What you are asked to do —
Reproduce the entire listing exactly as written, apart from its pictures.

Given information —
Start of Block
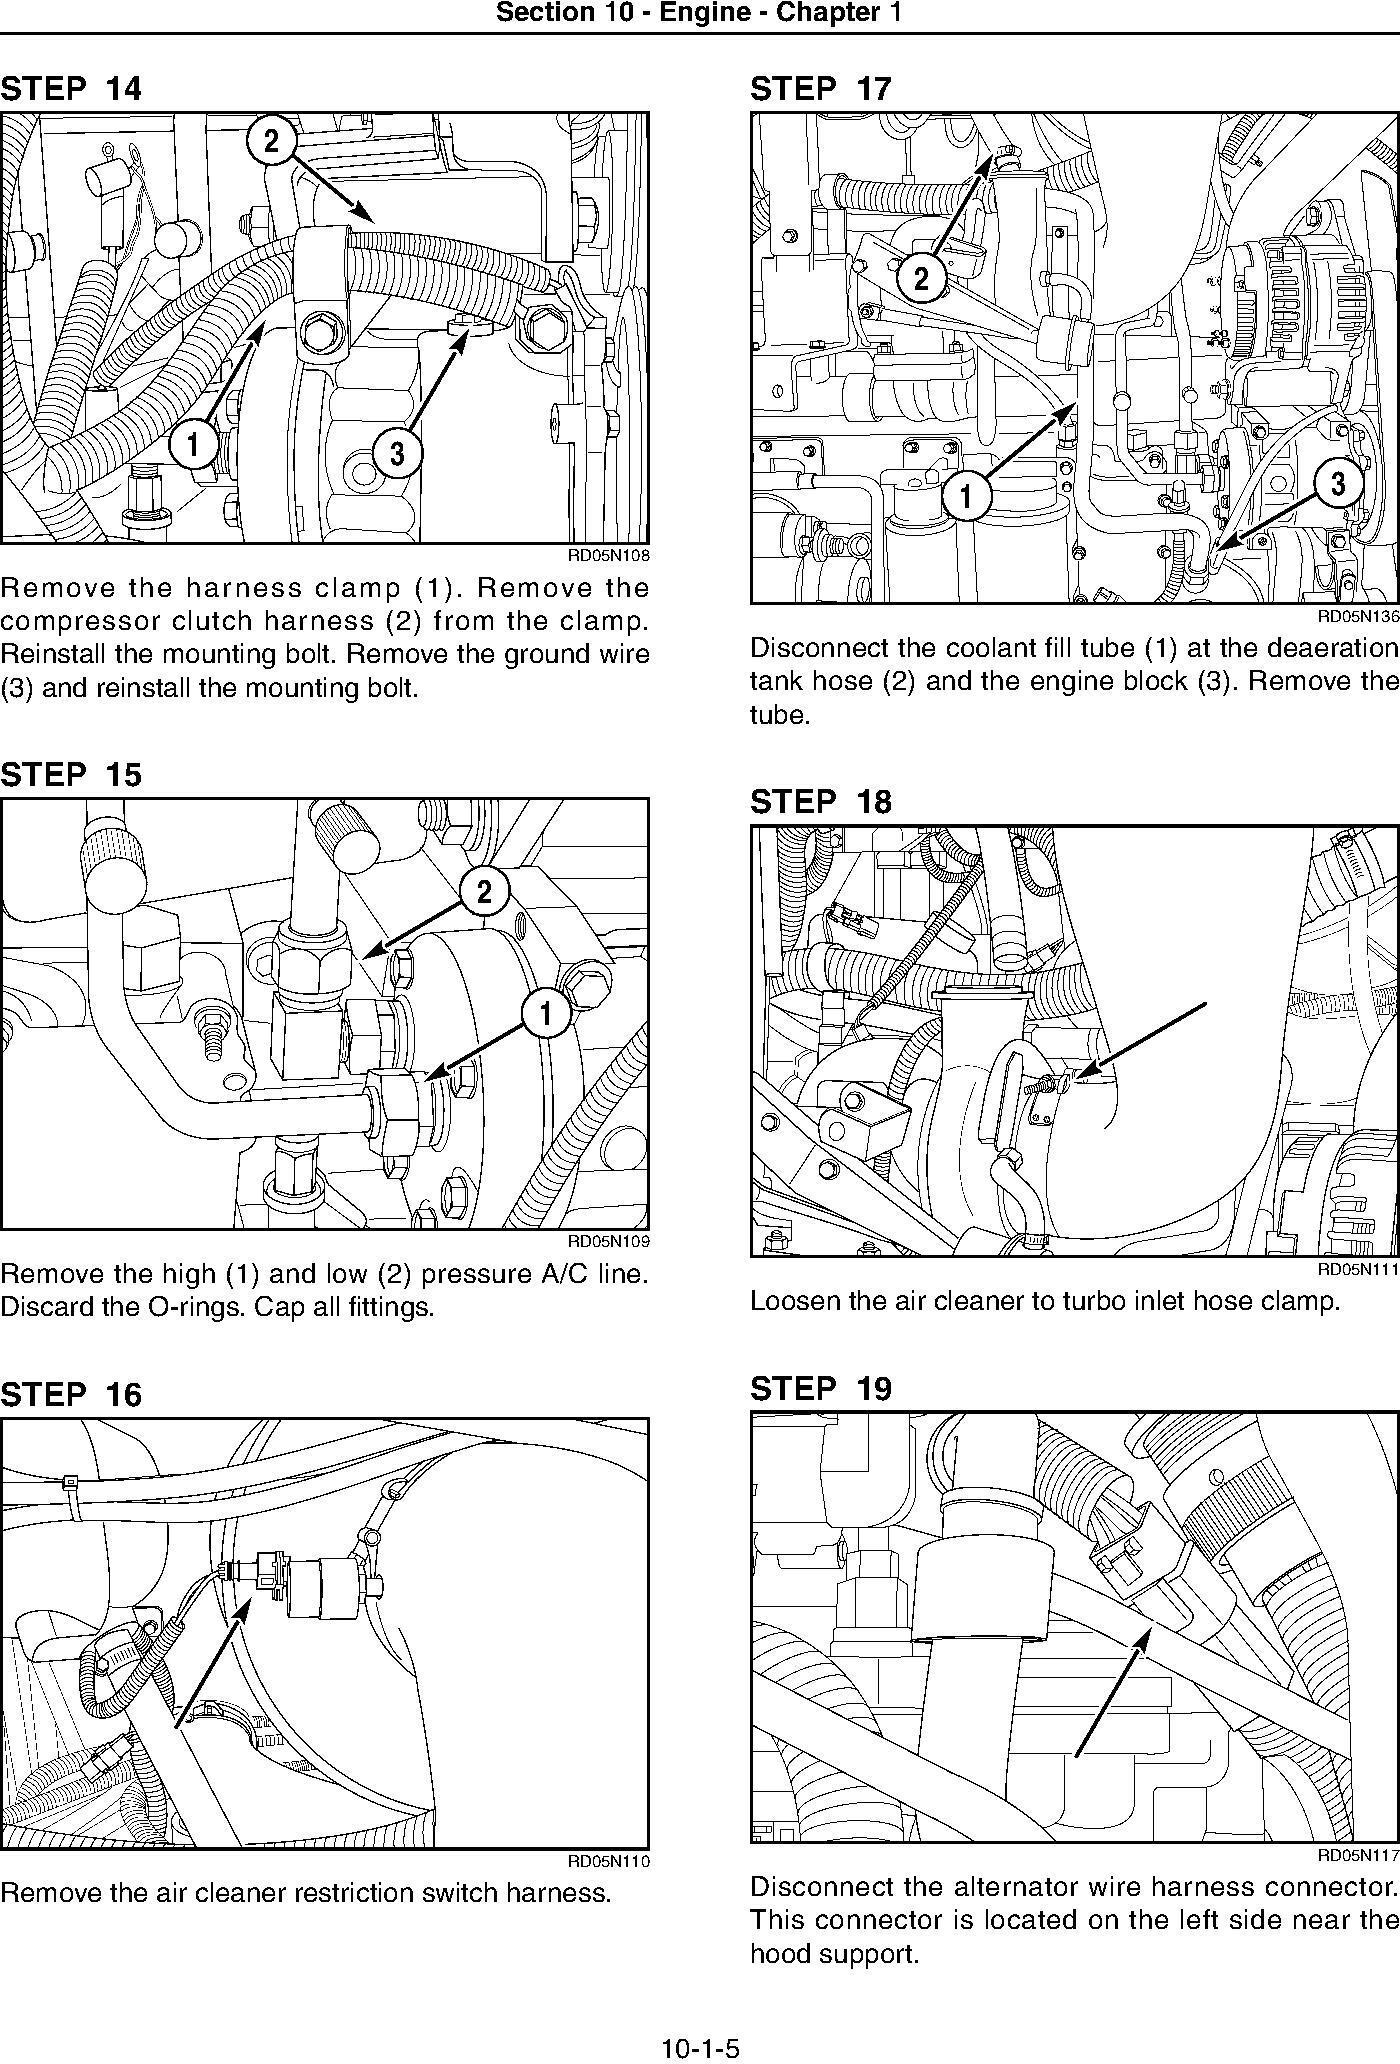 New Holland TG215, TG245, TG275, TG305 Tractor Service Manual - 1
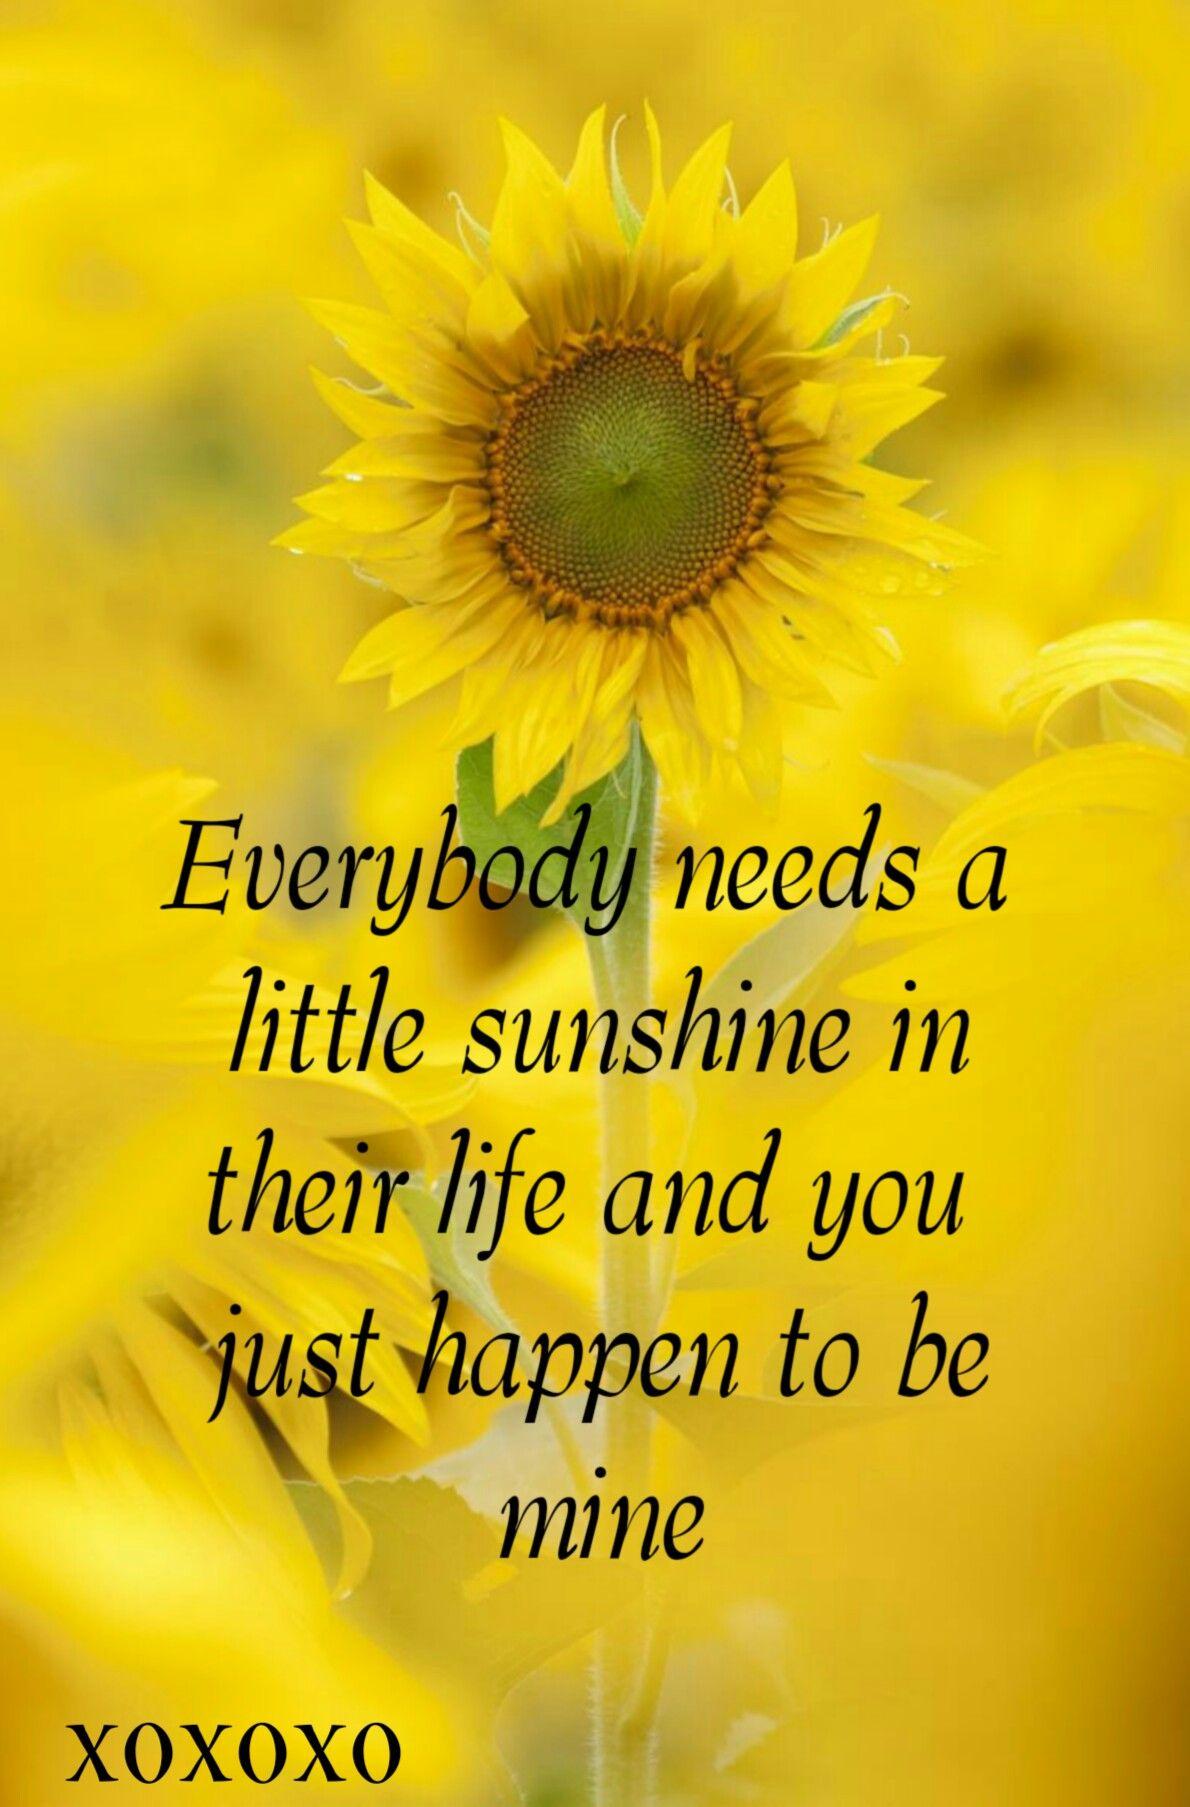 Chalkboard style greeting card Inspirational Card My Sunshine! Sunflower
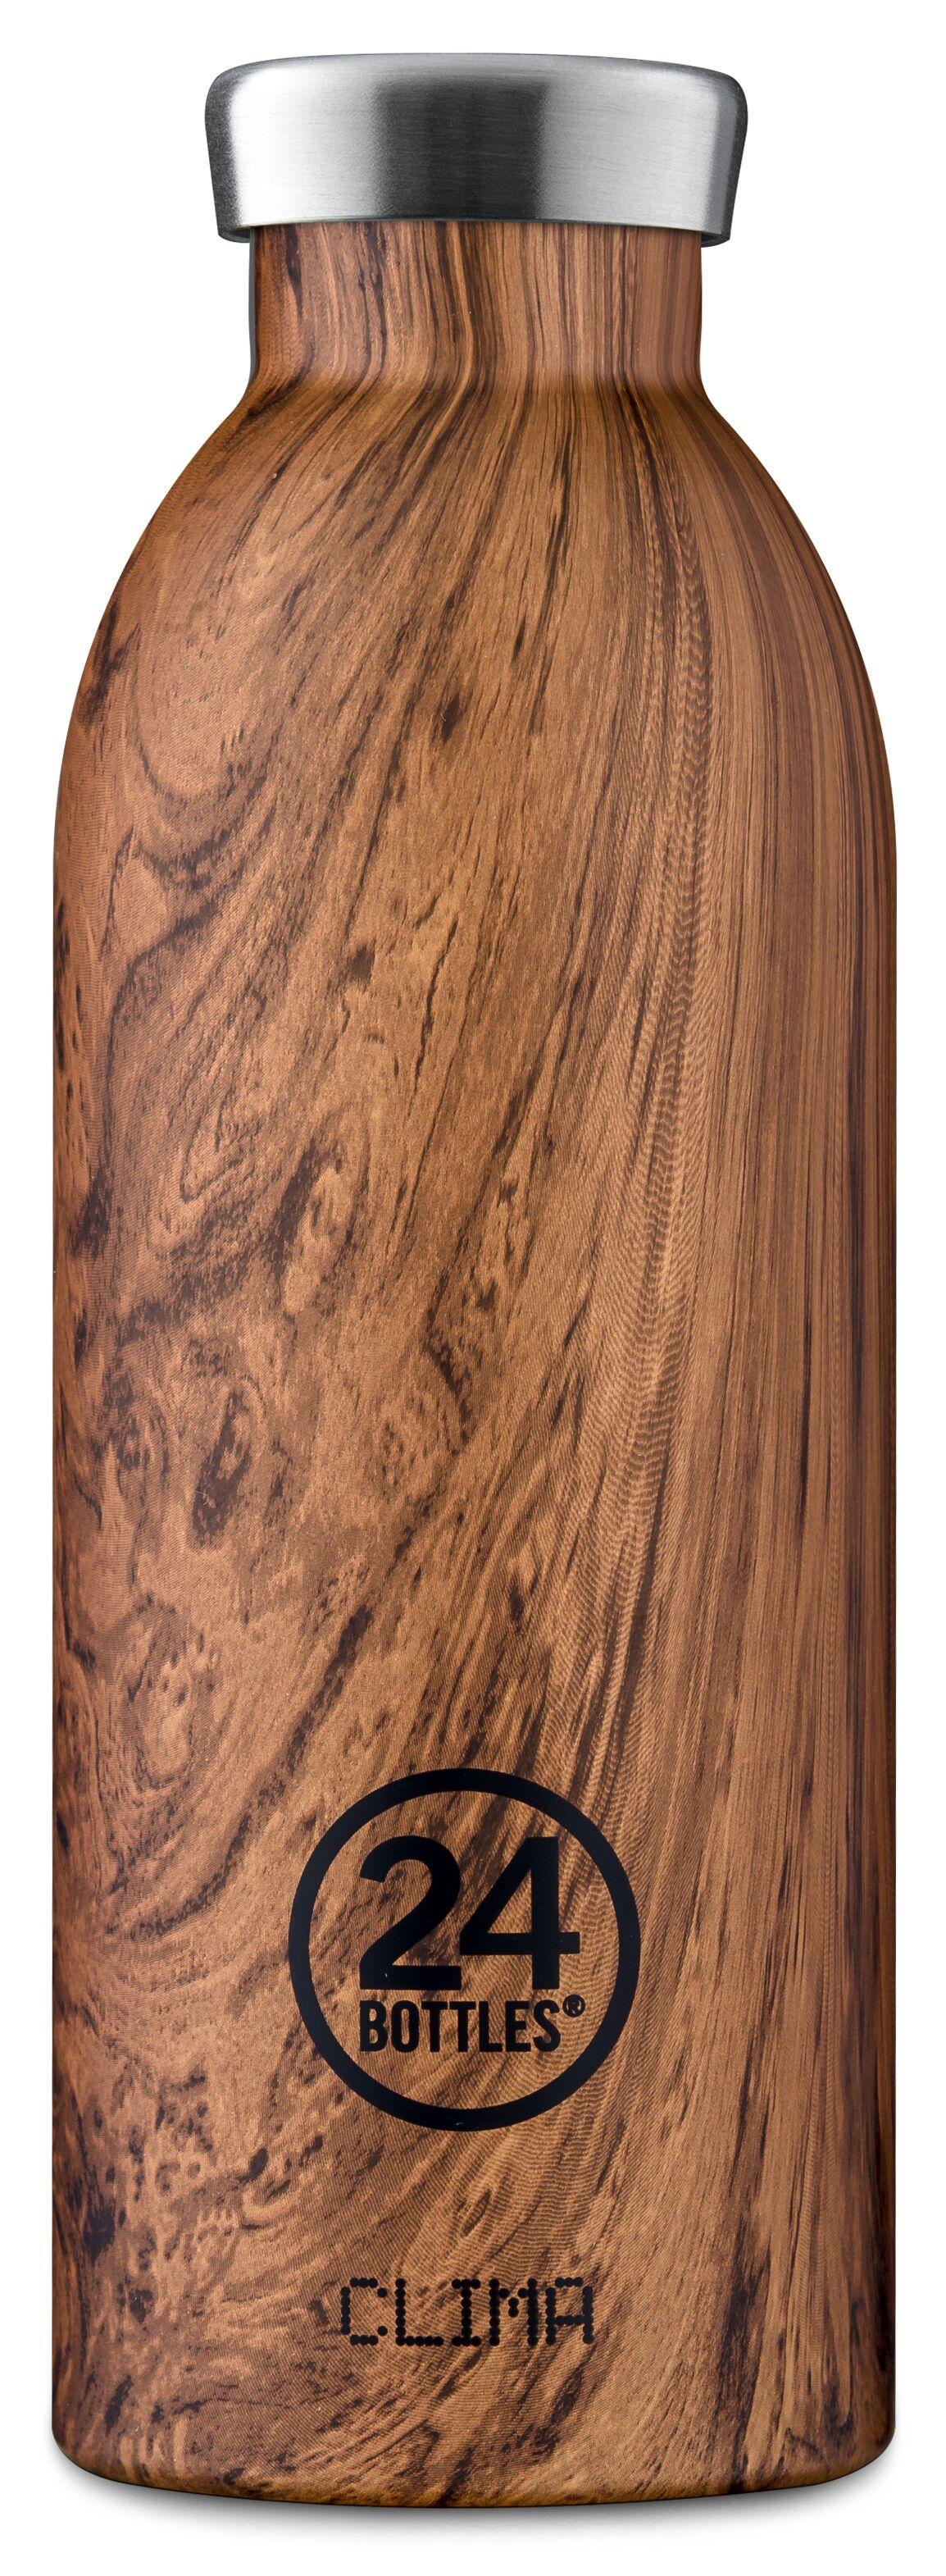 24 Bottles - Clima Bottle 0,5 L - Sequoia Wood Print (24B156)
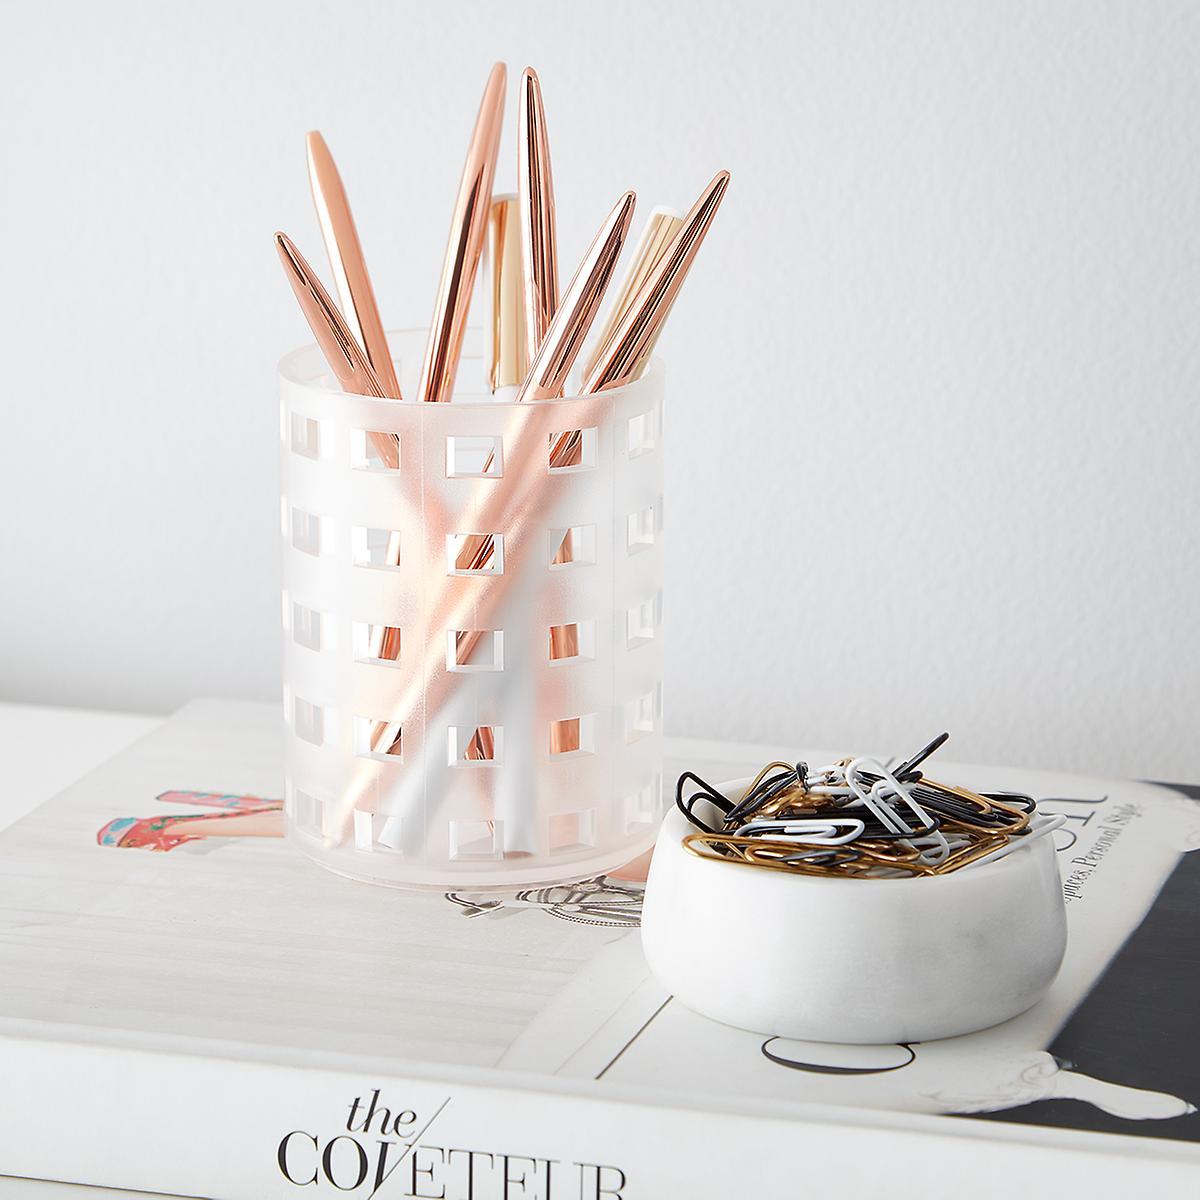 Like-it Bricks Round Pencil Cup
End of Block
Completed exercise —
 New Holland TG215, TG245, TG275, TG305 Tractor Service Manual - 1
 Chalkboard style greeting card Inspirational Card My Sunshine! Sunflower
 24 Bottles - Clima Bottle 0,5 L - Sequoia Wood Print (24B156)
 Like-it Bricks Round Pencil Cup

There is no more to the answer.